- _Provided material_:
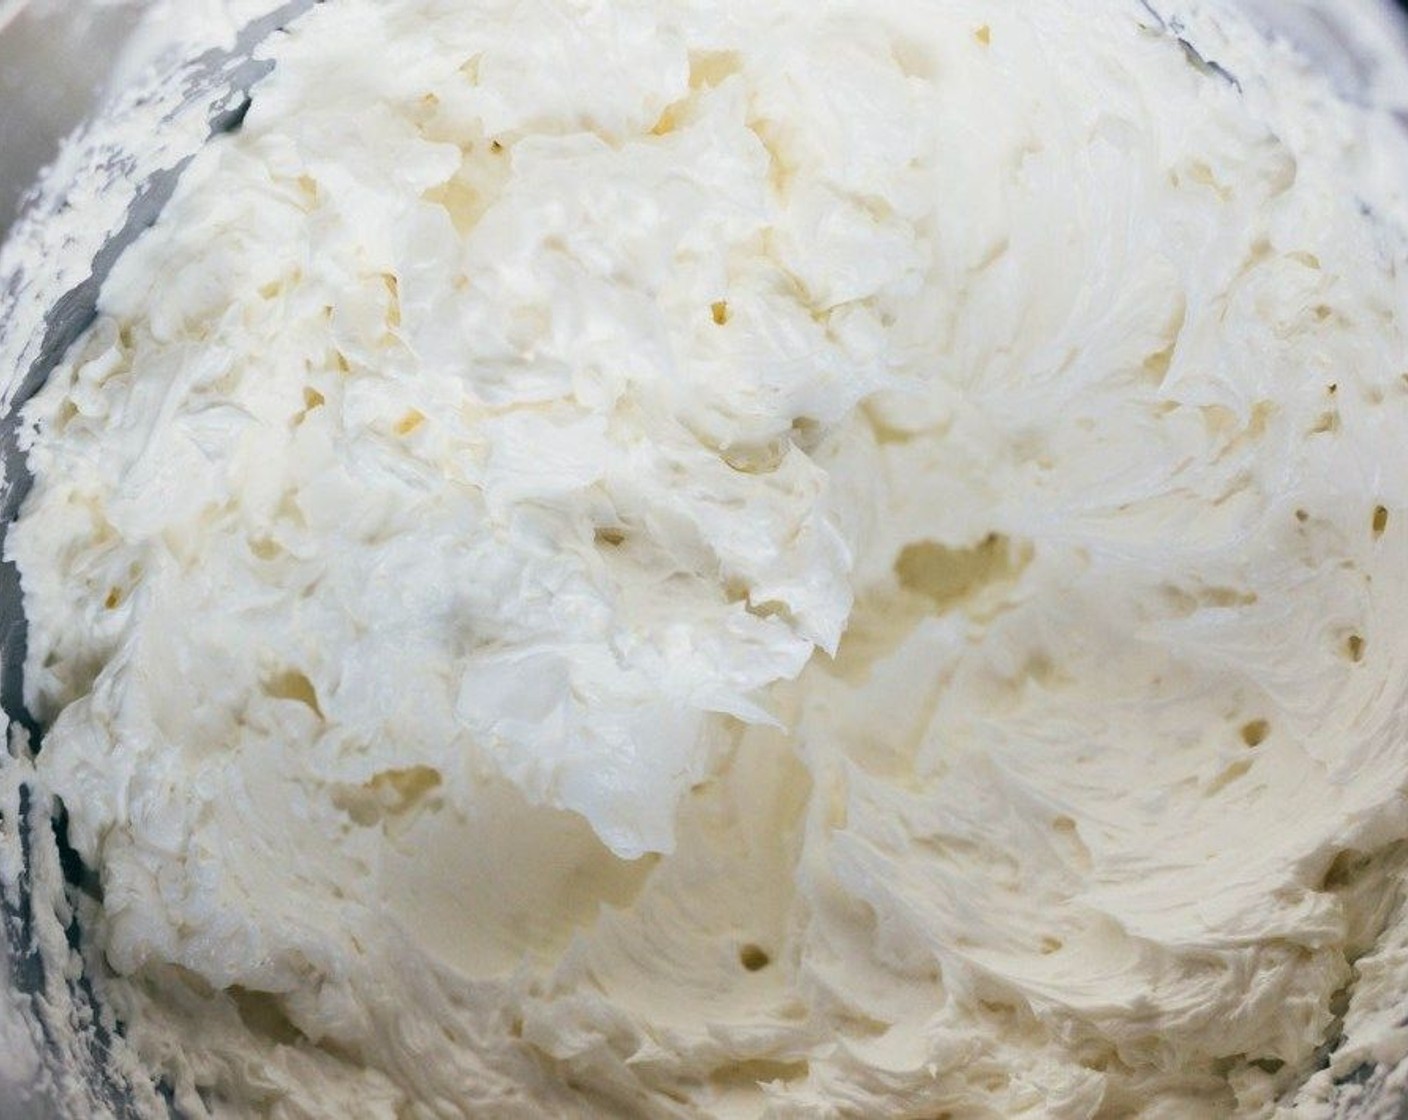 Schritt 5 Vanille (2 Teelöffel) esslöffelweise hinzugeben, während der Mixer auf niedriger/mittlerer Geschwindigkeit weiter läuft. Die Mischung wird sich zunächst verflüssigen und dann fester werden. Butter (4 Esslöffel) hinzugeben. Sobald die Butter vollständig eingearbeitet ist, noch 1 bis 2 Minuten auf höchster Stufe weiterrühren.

==

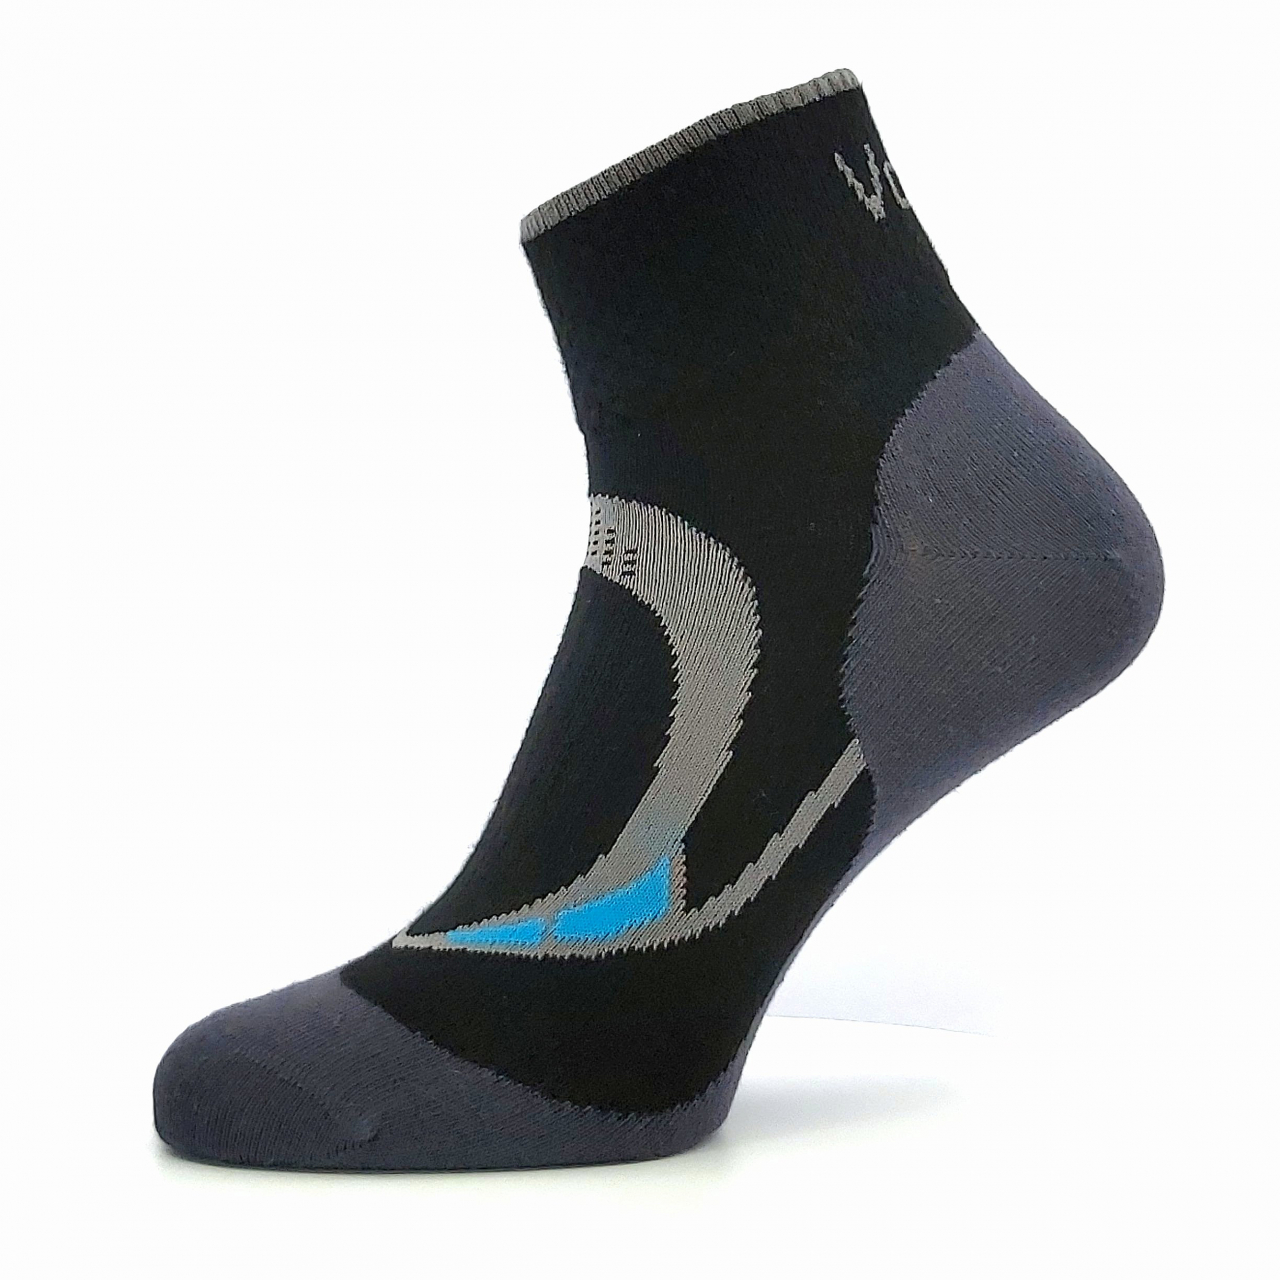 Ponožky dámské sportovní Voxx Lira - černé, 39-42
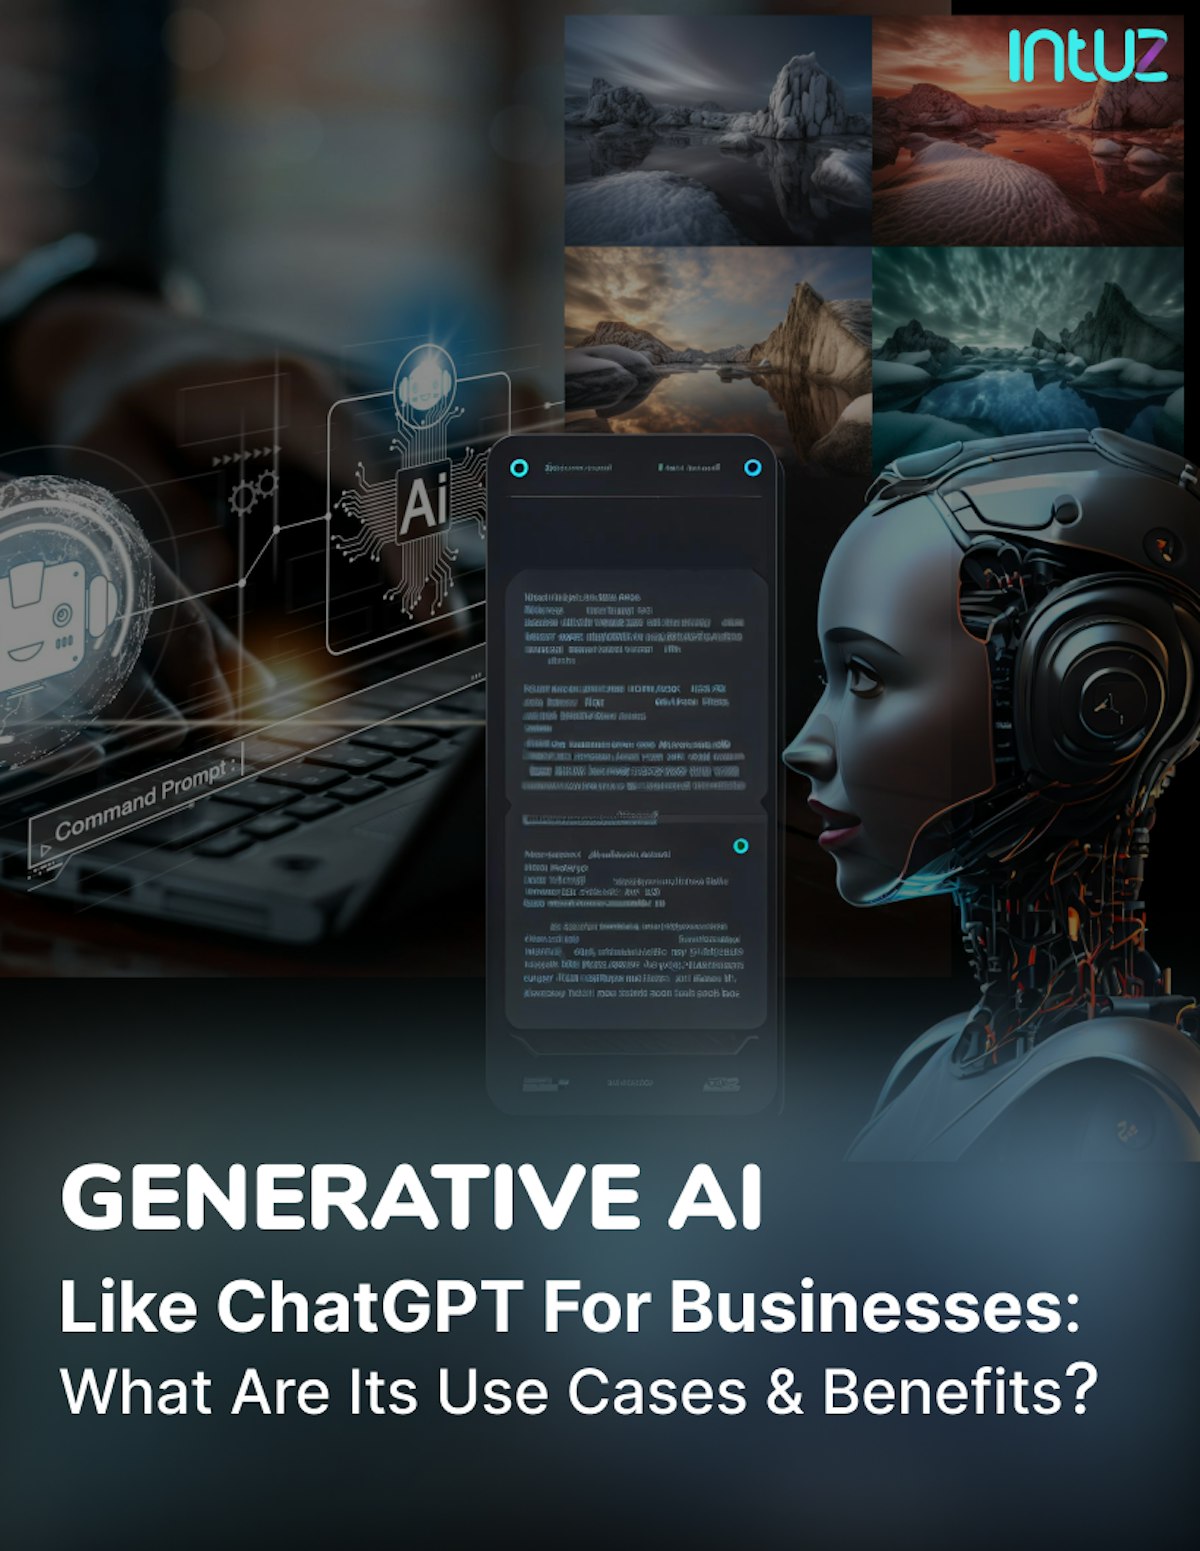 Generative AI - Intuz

* * *

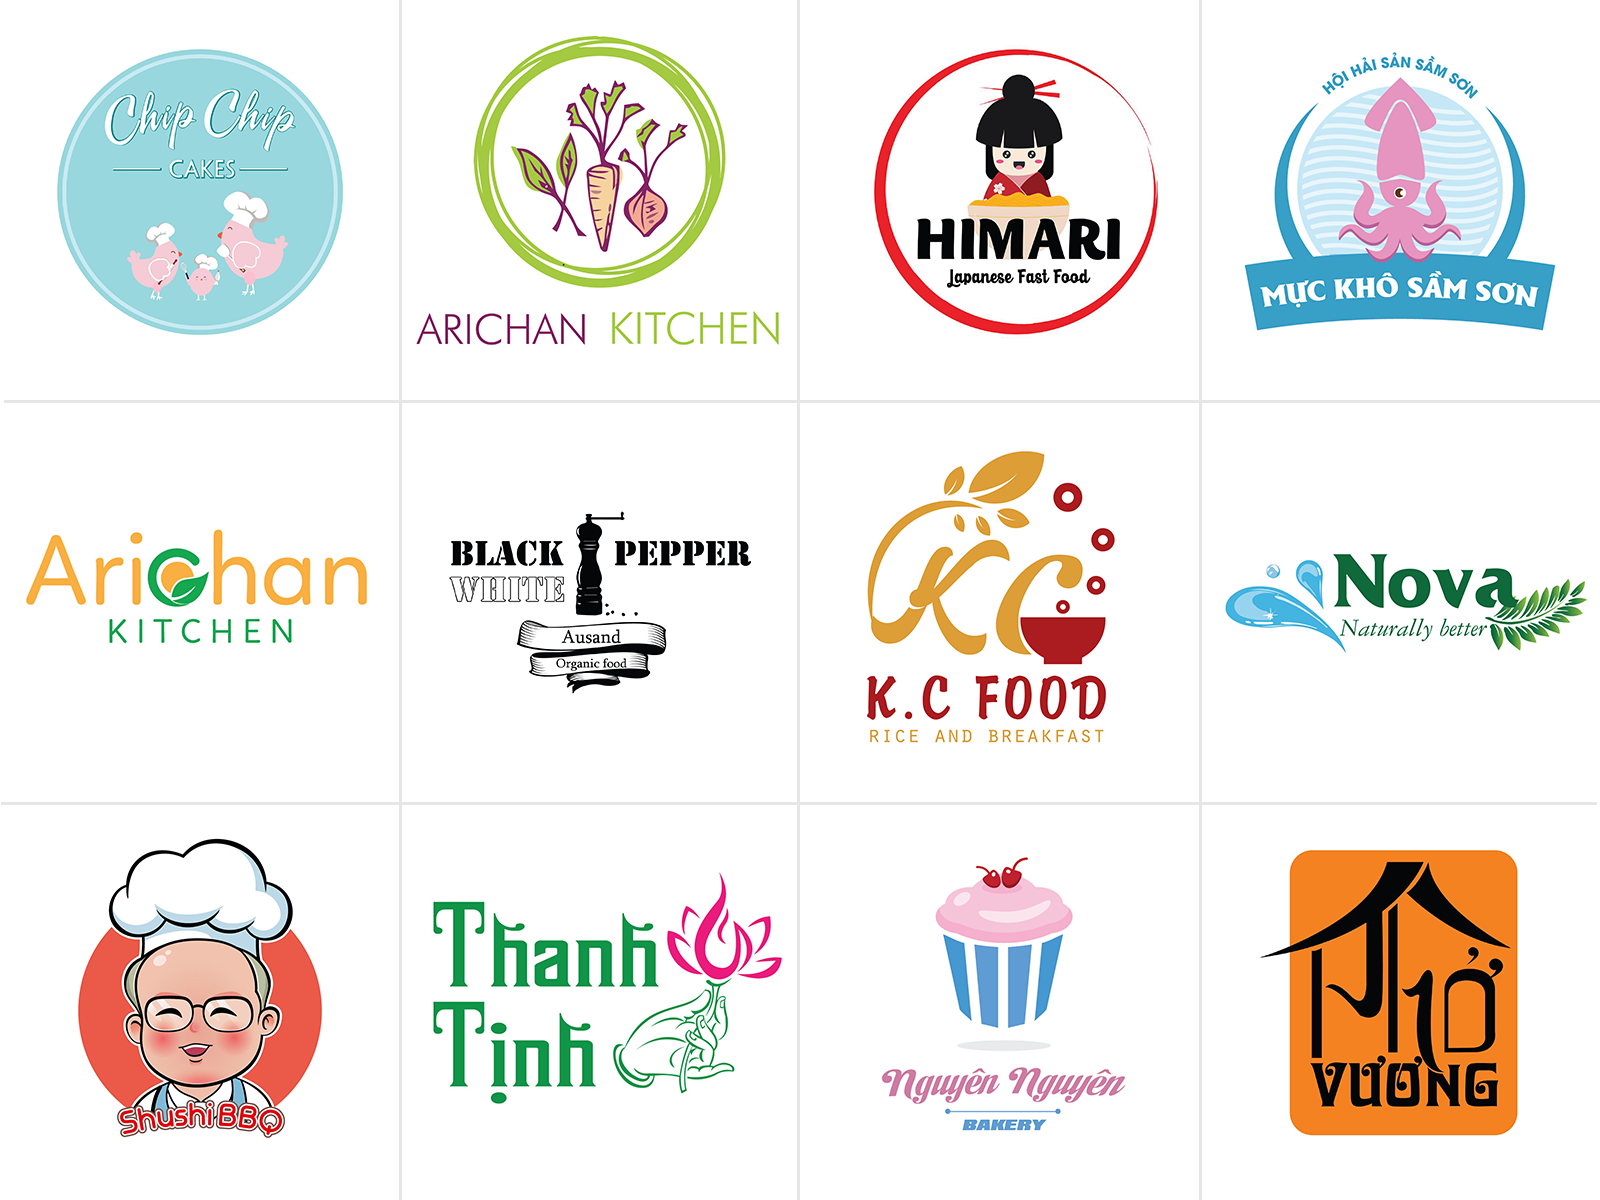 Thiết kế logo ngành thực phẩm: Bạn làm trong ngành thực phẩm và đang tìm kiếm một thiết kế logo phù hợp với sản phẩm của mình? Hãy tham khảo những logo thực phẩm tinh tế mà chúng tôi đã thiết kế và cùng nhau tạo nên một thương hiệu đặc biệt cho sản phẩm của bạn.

- _Task objective_: Pictures aside, return exactly the lines from the data above, starting at the line that has "Ponožky dámské sportovní" and ending at the line that has "Generative AI - Intuz", both included.

- _Solution to this problem_:
 Ponožky dámské sportovní Voxx Lira - černé, 39-42
 Generative AI - Intuz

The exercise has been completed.